Availability and Double-Booking Prevention
Core problem: two guests book the same property on overlapping dates
Naive approach (WRONG — race condition):
1. Guest A: check if Oct 1-5 available → YES
2. Guest B: check if Oct 3-7 available → YES
3. Guest A: create booking Oct 1-5 → SUCCESS
4. Guest B: create booking Oct 3-7 → SUCCESS (double-booked!)
Solution: optimistic locking with version counter
properties table:
id UUID PRIMARY KEY
host_id UUID
name TEXT
...
property_availability table:
property_id UUID
date DATE
status ENUM(available, booked, blocked)
booking_id UUID NULL
version INT DEFAULT 0
PRIMARY KEY (property_id, date)
Booking flow (atomic):
BEGIN;
-- Lock all dates in range (sorted to prevent deadlock)
SELECT * FROM property_availability
WHERE property_id = ? AND date BETWEEN ? AND ?

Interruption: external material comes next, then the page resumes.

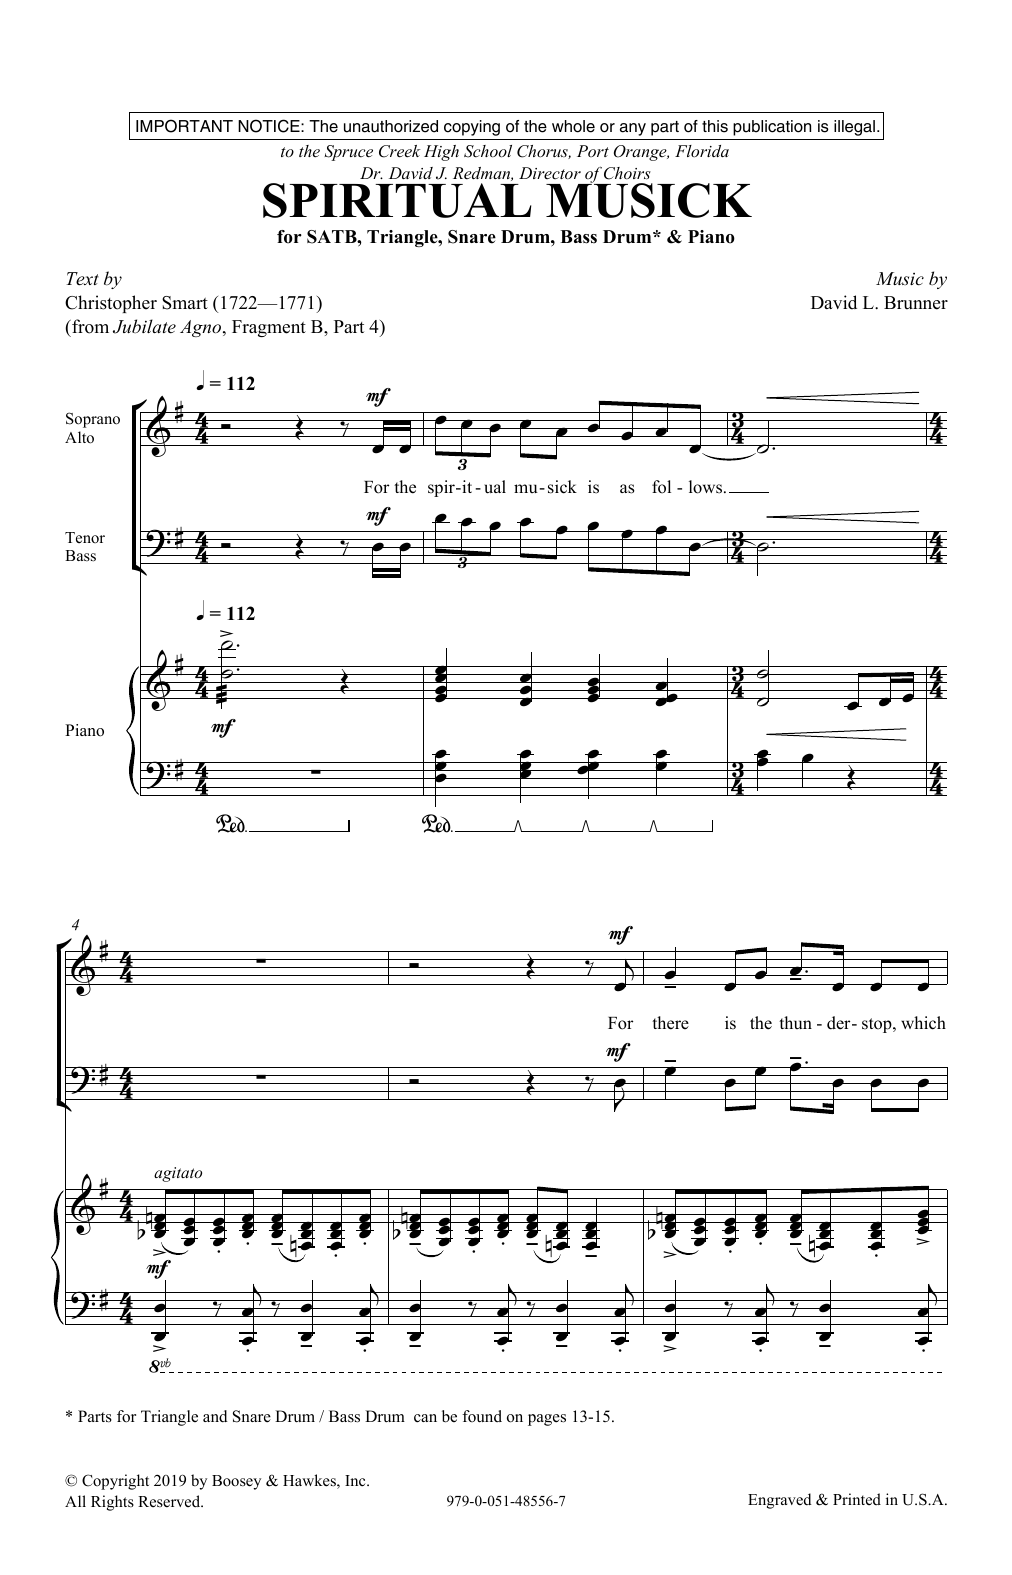 Christopher Smart and David L. Brunner Spiritual Musick Sheet Music Notes & Chords for SATB Choir - Download or Print PDF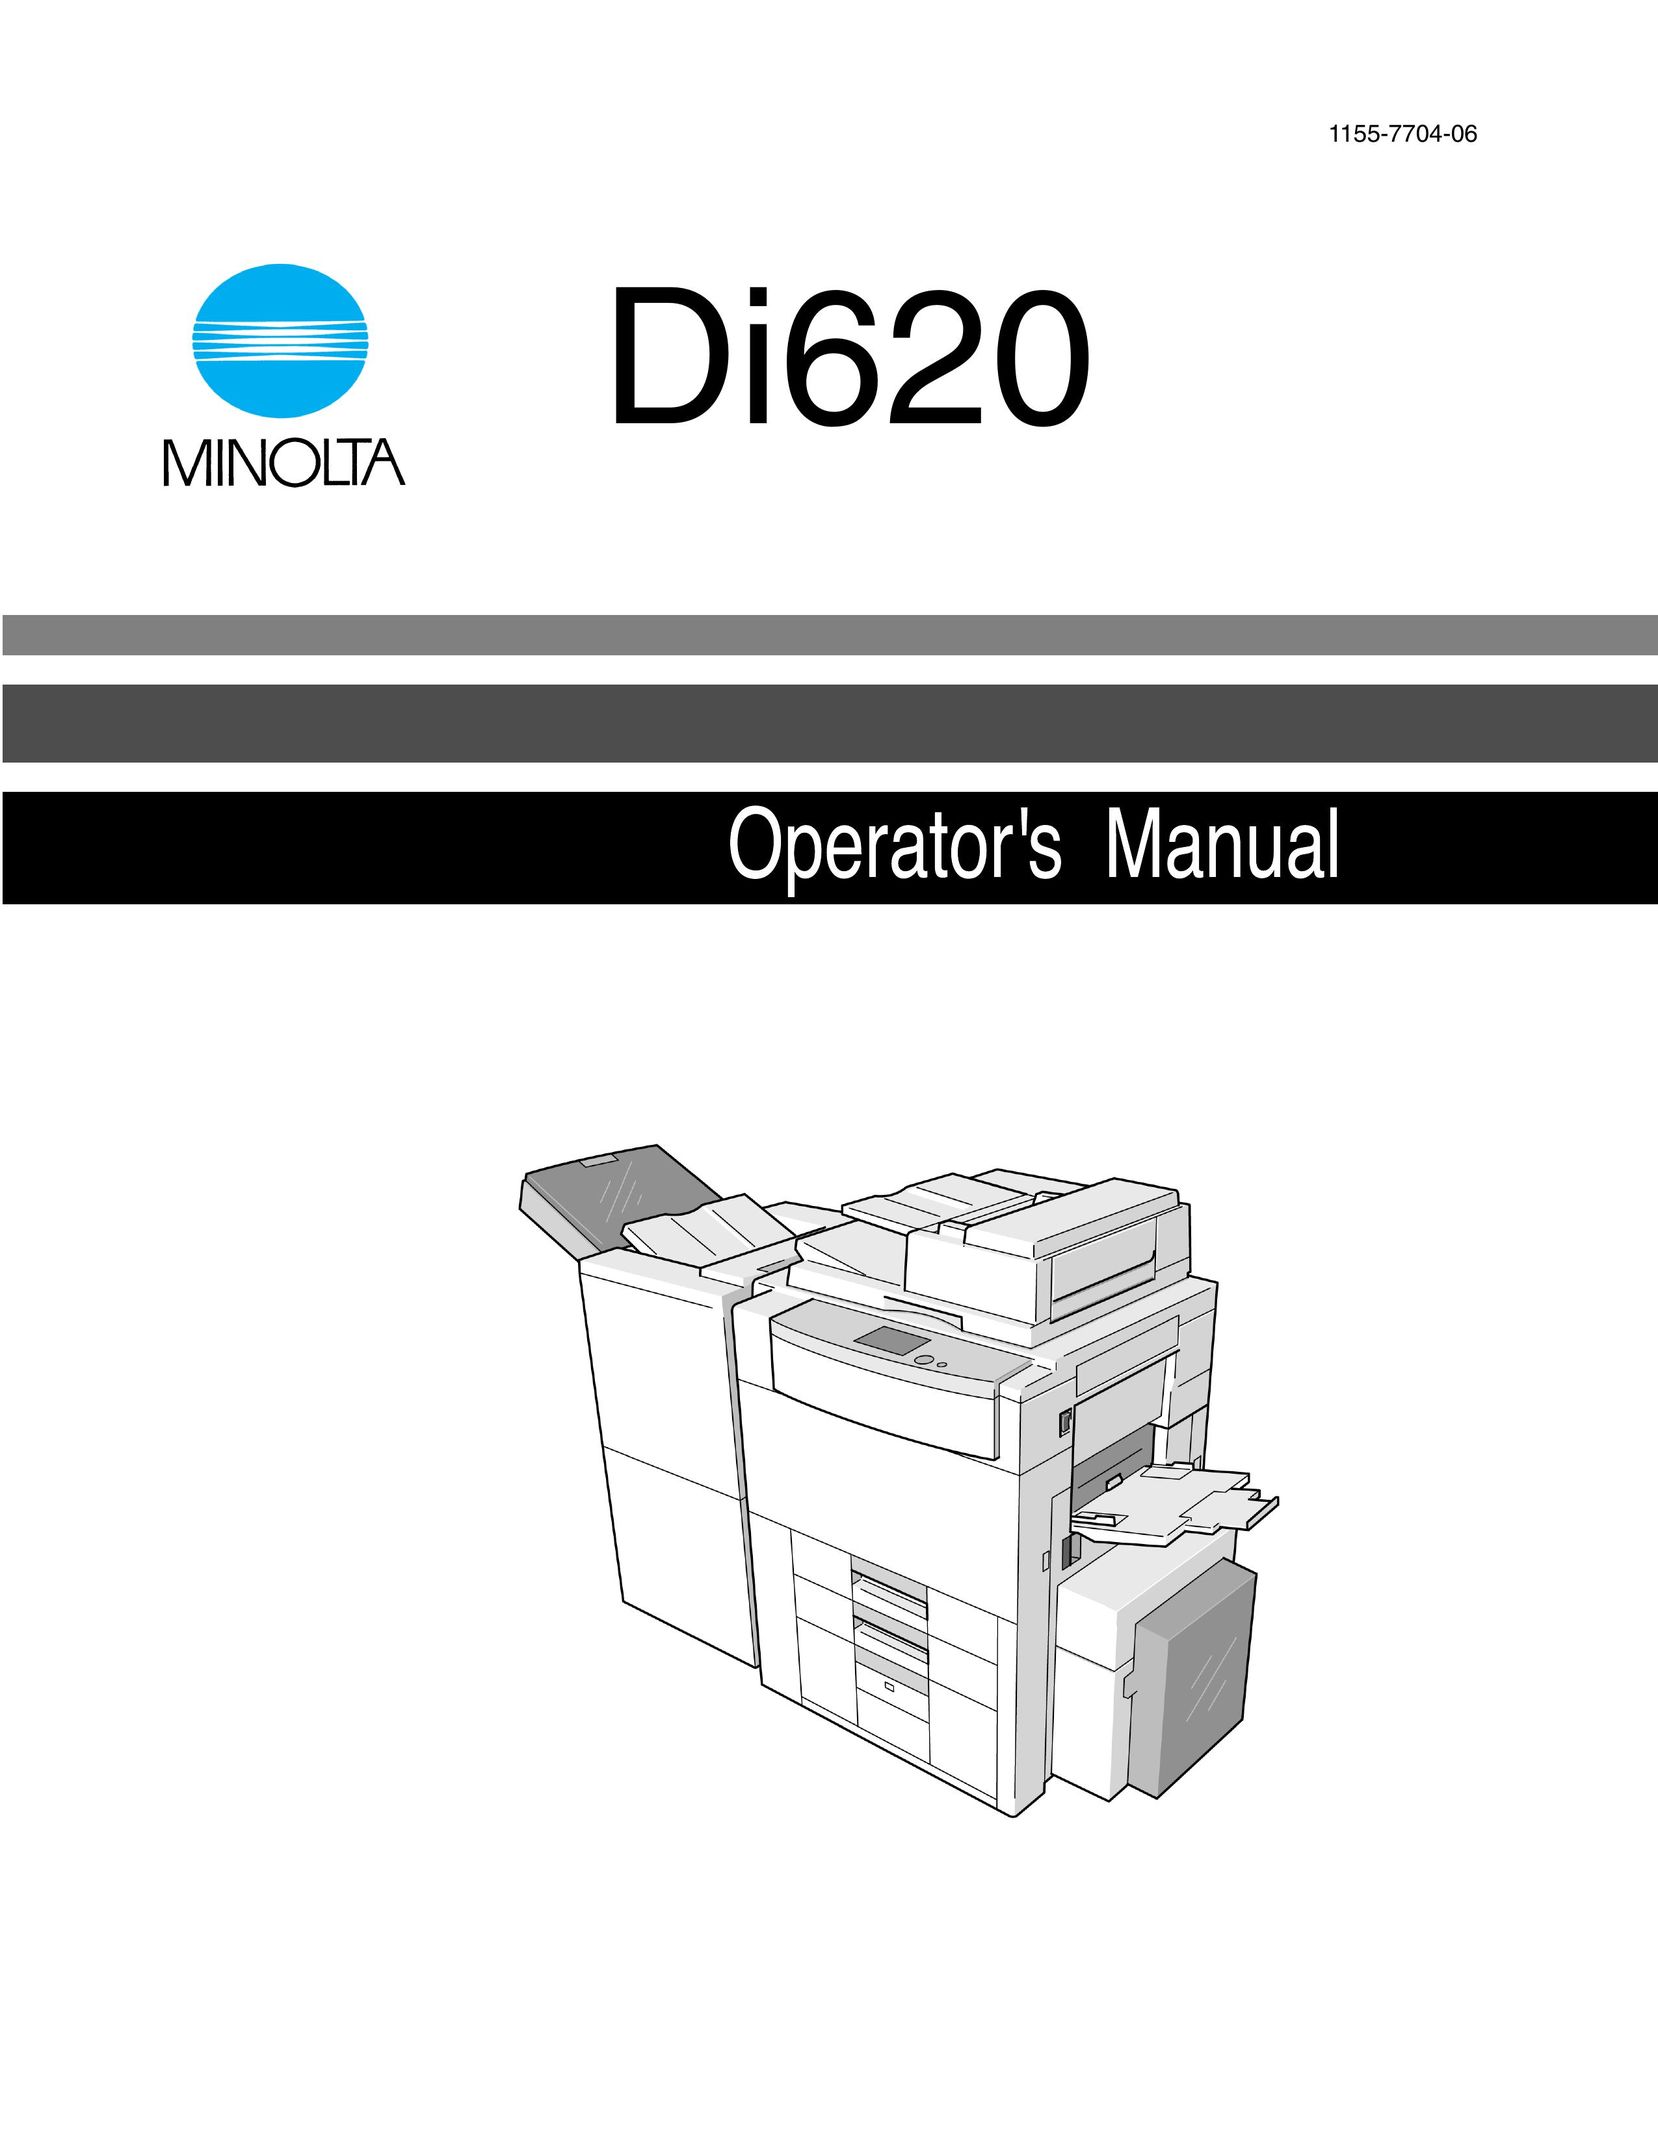 Minolta Di620 All in One Printer User Manual

FOR UPDATE; -- row-level locks on each date
-- Verify all dates are available
IF any row has status != 'available': ROLLBACK; return 409
-- Create booking record
INSERT INTO bookings (id, property_id, guest_id, check_in, check_out, status)
VALUES (?, ?, ?, ?, ?, 'pending');
-- Mark dates as booked
UPDATE property_availability
SET status='booked', booking_id=?
WHERE property_id=? AND date BETWEEN ? AND ?;
COMMIT; -- releases all locks
Availability Calendar Design
Date-per-row model (recommended for flexibility):
One row per (property, date)
5 years × 365 days × 100M properties = 182B rows (use Cassandra or sharding)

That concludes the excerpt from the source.